Some poskim maintain that one is generally obligated to risk his own life in order to save another from certain danger;[1] others hold that doing so is permissible but not mandatory;[2] still others maintain that it is improper to do so.[3] This dispute notwithstanding, the consensus of contemporary poskim is that medical professionals may and should treat patients with contagious illnesses.

Even R’ Chaim Palagi,[4]
who argues that a layman who wishes to avoid contact with the plague is being reasonable
and prudent, apparently does not object to a physician treating victims of the
plague. The question before him was a dispute between a doctor who was treating
plague victims and wished to attend davening in shul and the other members of
the shul, who wished to bar him entry or at least require a partition between
him and them. While Rav Palagi sides with the worried congregants, he
apparently has no problem with the doctor’s conduct in treating the patients in
the first place.[5]

Contemporary poskim give various arguments for the
treatment of contagious patients:

  • As we saw last week, some early poskim are skeptical of the entire doctrine of contagion, and the medical community itself has changed its mind about the contagiousness of certain diseases.[6]
  • The great merit of treating the sick will protect those thus engaged.[7]
  • The Torah’s commandment to heal the sick includes both contagious as well as noncontagious diseases.[8]
  • Because treatment of the sick by medical professionals is normal and customary, and its absence would engender terrible chaos, it is not considered improper self-endangerment.[9] (A remarkable precedent advanced by R’ Eliezer Yehuda Waldenberg for the idea that dangerous conduct is permitted insofar as it is normal and customary is a ruling by R’ Meir Eisenstadter (Maharam Ash) permitting voluntary military service even in wartime.[10])
  • It is permitted to assume some risk in the course of earning one’s livelihood.[11] (Precedents for this include the Noda Bihudah’s tolerance of professional—as distinct from recreational—hunting,[12] and R’ Menachem Mendel Krochmal’s justification to hiring employees to perform dangerous tasks.[13])

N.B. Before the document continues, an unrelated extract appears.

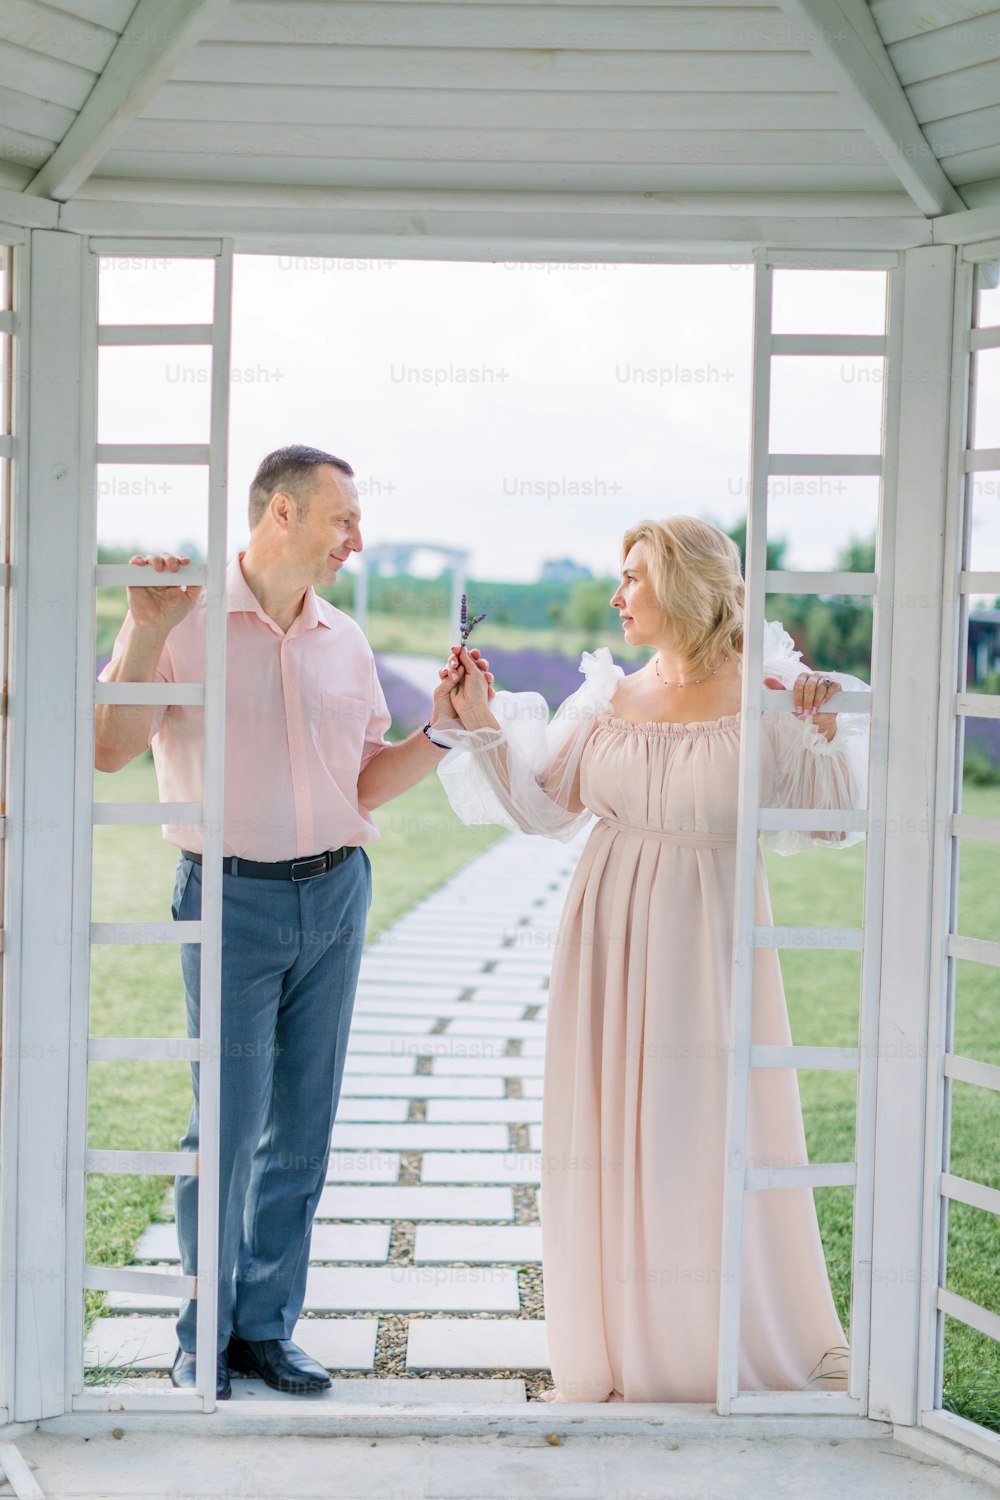 Ganzkörperporträt eines reifen, eleganten Paares, das außerhalb eines weißen Holzpavillons steht, sich gegenseitig anschaut und blühenden Lavendel in den Händen hält
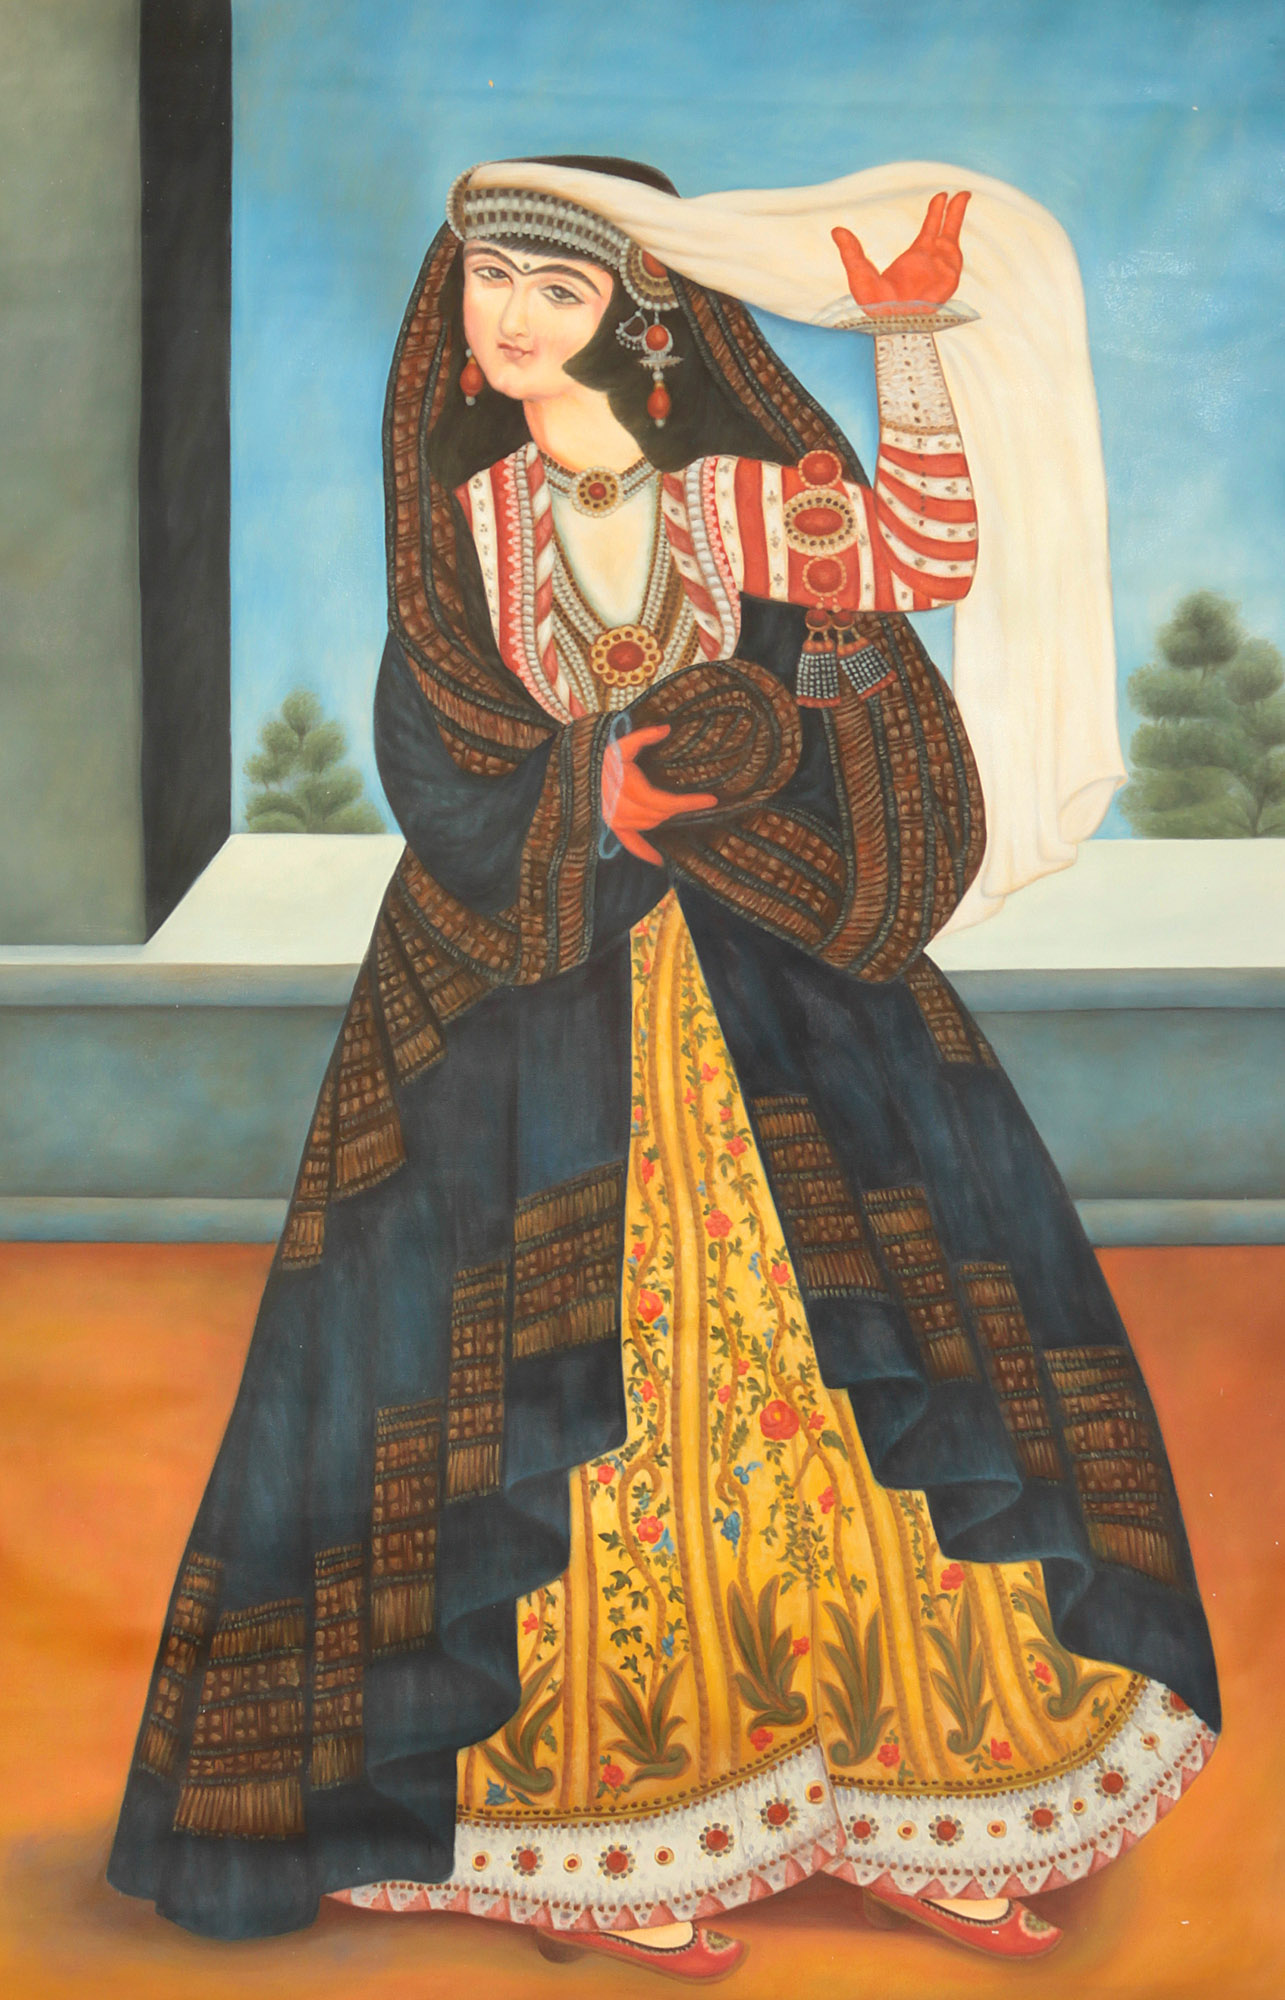 Persian Woman

Just what the doctor ordered

These arguments merely support the position that medical
personnel may provide treatment even at risk to themselves, and Rav
Waldenberg indeed concludes that it is permitted and a great mitzvah but not
necessarily mandatory. R’ Yehoshua Neuwirth and R’ Avraham-Sofer Abraham,
however, go further and argue that because medical professionals understand the
risks involved when they accept their positions, they thereby commit themselves
to do their duty even when it entails some low level of risk, and are thus obligated
to do so.[14]
In a situation of great risk, however, they are not required to endanger
themselves, although they may do so if they wish.

R’ Shmuel Wosner also rules that it is forbidden for
physicians who are able to help the sick to shirk their duty,[15]
although he provides no analytical basis for this position beyond the precedent
of a letter of R’ Akiva Eiger discussing arrangements for attendants at quarantines
for Jewish cholera sufferers.[16]

All agree that when treating contagious patients, all
possible means of self-protection should be utilized.

May those who are moser nefesh to heal Klal Yisroel
be protected from all harm.


[1]Hagahos
Maimonios
(Constantinople ed.) Hilchos Rotzeiach 1:15, cited by Kesef
Mishneh
ibid.1:14 and Beis Yosef C.M. 426; Shu”t Devar
Eliyahu
(Warsaw 5644)
89.

[2]Shu”t Igros
Moshe Y.D. cheilek
2, 174:4
s.v. ulefi hata’am shekasavti

[3]Shu”t Radvaz cheilek
3, end of 627 (1052),
cited in Pis’chei Teshuvah Y.D. 157:15; Cf. Sema ibid.2; Shu”t Yad
Eliyahu
(Lublin)
43;
Shu”t Maharam
Shik Y.D.
155
s.v. um”sh ma’alaso; Ha’amek She’eilah she’ilta 129:4
and she’ilta 147:4;
Shu”t Mishneh
Halachos
(mahadura kama) 6:394.

[4]Nishmas
Kol Chai cheilek
2, Y.D. 49.

[5]This
point appears in Shu”t Tzitz
Eliezer cheilek
9, 17:5:11.

[6]Ibid.
osios
1-3

[7]Ibid.
os
4

[8]Ibid.
os
7

[9]Ibid.
os
8

[10]Shu”t Imrei
Eish
52.
Cf. Shu”t Binyan
Tzion
137.

[11]Tzitz
Eliezer
ibid. os 9.

[12]Shu”t Noda Bihudah
mahadura tinyana Y.D
.
10.

[13]Shu”t Tzemach
Tzedek
6.
See, however, Shu”t Yad
Eliyahu
(Lublin) 28 (p. 33a)
for a dissenting view.

[14]Nishmas
Avraham
(second expanded
edition)
Y.D. (Vol. 2) 335:8:22 (p. 409).
I do not understand this argument; insofar as the risk is deemed significant
enough to constitute forbidden self-endangerment, how can a prior commitment
override the prohibition? And in any event, this is merely pushing the question
back to the legitimacy of the initial decision to accept a job that entails
such risk. Why should that itself be permitted if there is foreseeable danger
involved?

[15]Shu”t Sheivet
HaLevi cheilek
8,251:7 (p. 219).

[16]Igros Sofrim, R’ Akiva
Eiger #30 s.v.
gam niten (p. 37).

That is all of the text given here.